Ein weiteres Indiz, dass der Flugplatz wachsen soll, liegt gleich neben den Zäunen, die den Flugplatz begrenzen: Äste und Stämme, die vor einigen Monaten noch Bäume waren, sind ordentlich aufgeschichtet. Mehrere Hektar wurden hier gerodet - für den Flugbetrieb. Denn in Zukunft soll, wer in Schönhagen landet, nicht mehr auf Sicht fliegen müssen, sondern mit dem Instrumentenlandesystem (ILS) navigieren können. Der Flugplatzchef begründet das mit einem Zugewinn an Sicherheit für die Piloten und an Wettbewerbsvorteil für ansässige Unternehmen. Doch das ILS funktioniert nur ohne Hindernisse. Daher müssen die Bäume weg.

Die Anwohner glauben nicht an das Argument vom Sicherheitsgewinn. Schon eher an einen Wettbewerbsvorteil - aber weniger für die Unternehmen als für den Flugplatz selbst. Sie gehen davon aus, dass nicht nur die Polizeihubschrauber, sondern auch die Kleinflugzeuge aus Schönefeld nach Schönhagen kommen sollen - und nicht nur Geld für den Flugplatz, sondern vor allem noch mehr Lärm mitbringen. "Die Kleinflugzeuge haben wir ja schon zum Teil", entgegnet der Flugplatzchef. Dass Schönhagen "zur dritten Startbahn" von BBI werden solle, würde er so unterschreiben.

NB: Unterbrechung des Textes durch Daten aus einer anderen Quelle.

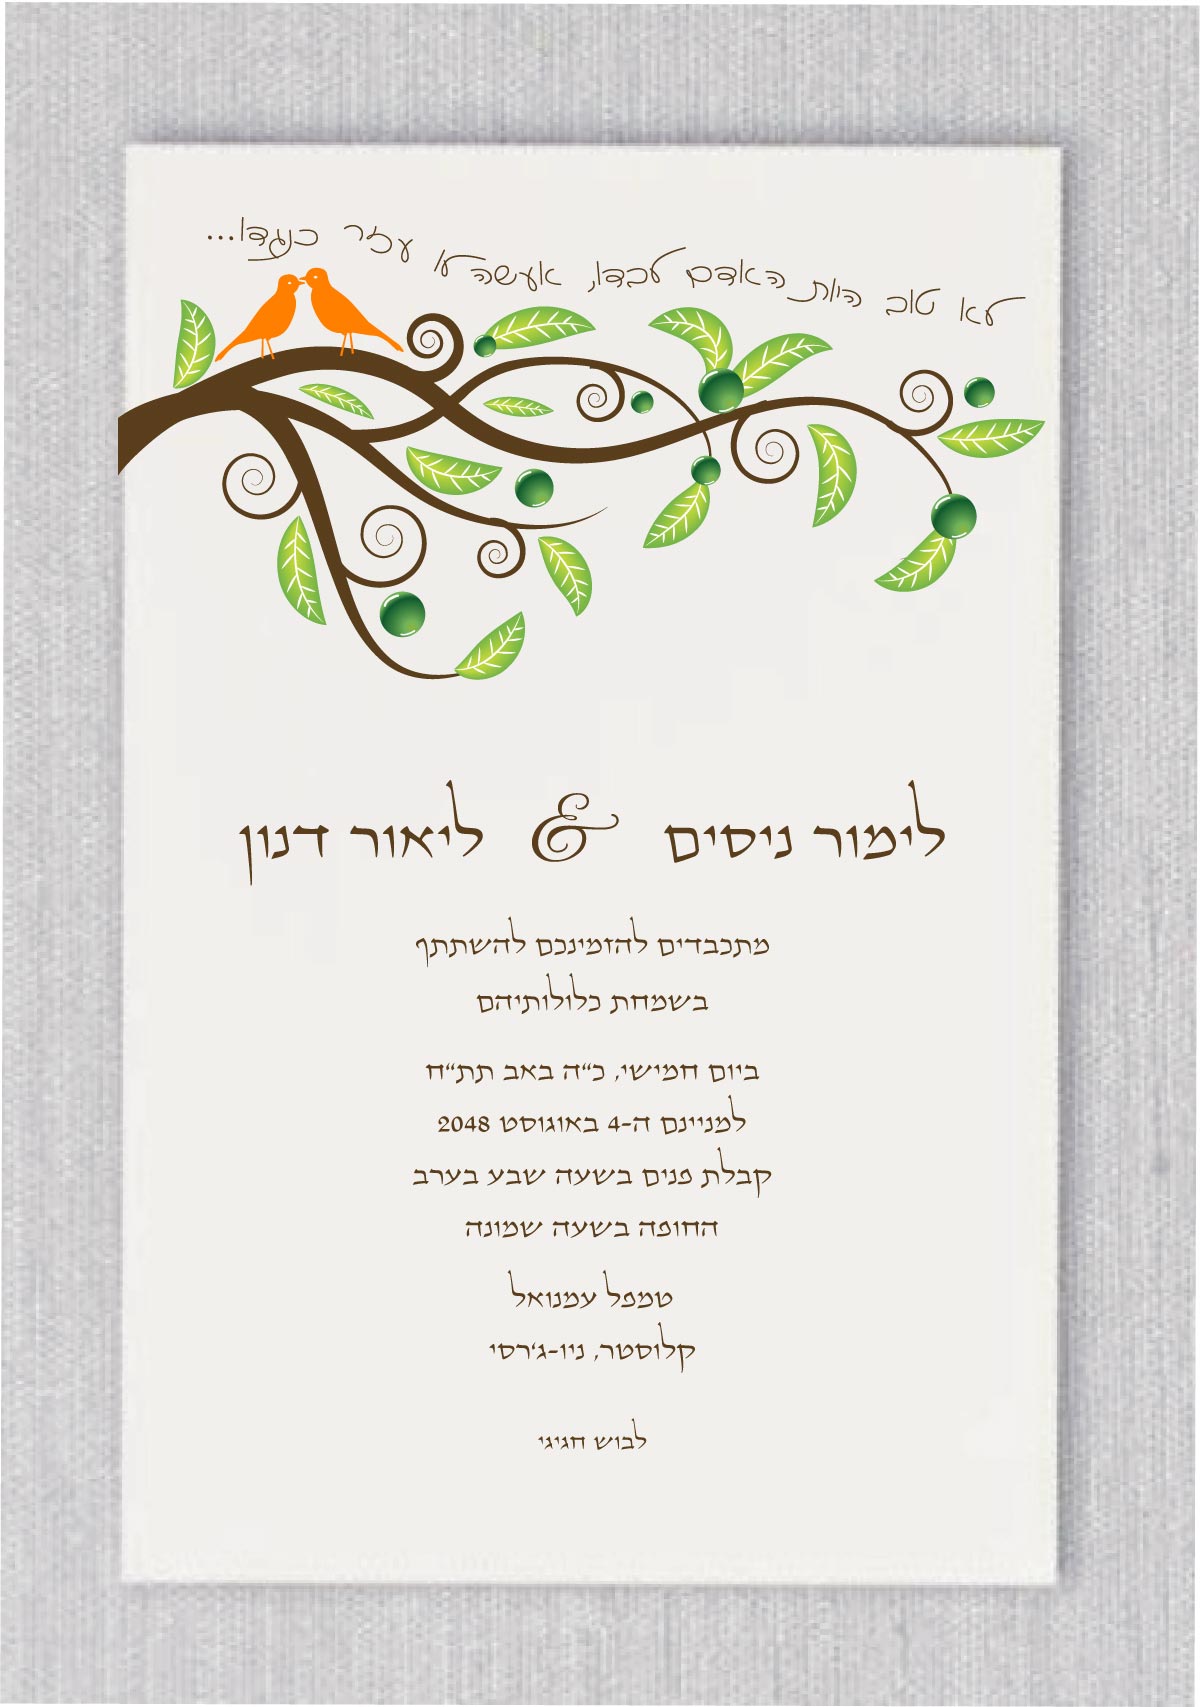 Two Birds - Hebrew Wedding Invitations feature a beautifully simple design that is sure to impress anyone who receives it. The Jewish Hebrew invitation features two birds sitting on tree branches, adorned with delicate green leaves and kissing each other. The design is further enhanced by a pair of love birds perched atop a banner that reads the unique Hebrew phrase "It is not good that the man or woman be alone." The best part is that the color of the birds can be customized to suit your preference and wedding theme. It's a perfect way to convey your love and commitment to each other and invite your guests to share in your special day.

Während alles danach aussieht, dass die Bürgerinitiative bei dem Umzug der Hubschrauberstaffel ihren Kampf verloren hat, sieht sie für die Erhaltung des Waldes noch Chancen. Nach Gesprächen mit der Forstbehörde wurden die Fällarbeiten erst einmal gestoppt. Nun soll es eine Umweltverträglichkeitsprüfung geben. Mitte Mai haben sich dafür Forstbehörde, Flugplatzbetreiber und Umweltverbände zusammengesetzt. Nach Ansicht der Umweltschützer darf das Verfahren aber erst im kommenden Jahr abgeschlossen werden. Denn die betroffene Flora und Fauna müsse während ihres Wachstums- und Entwicklungsperiode von März bis September untersucht werden. Für eine Untersuchung über den gesamten Zeitraum ist es jetzt schon zu spät. Doch selbst, wenn eine Umweltverträglichkeitsprüfung zu dem Ergebnis kommt, dass der Wald gerodet werden darf, muss der Flugplatz mit den Besitzern der Waldstücke verhandeln. "Ich kenne einige Waldbesitzer, die geben ihren Wald unter keinen Umständen her", ist sich Wagner sicher. Als letztes Mittel bliebe nach Ansicht der Bürgerinitiative nur die Enteignung - ein Verfahren, das sich über Jahre hinziehen kann.

Die Schönhagener üben sich zwischen Protestbriefen und Transparenten an ihren Fassaden in Realismus: "Abreißen können sie den Flugplatz nicht mehr, aber sie sollen ihn zumindest nicht weiter ausbauen", sagt Wagner. Einige tragen sich mit dem Gedanken, ihr Haus aufzugeben und wegzuziehen. Andere hoffen, dass vielleicht für BBI doch noch eine dritte Landebahn gebaut wird und die Piloten der Kleinflugzeuge lieber von dort starten. Dann könnte in Schönhagen wieder ein bisschen Ruhe einkehren.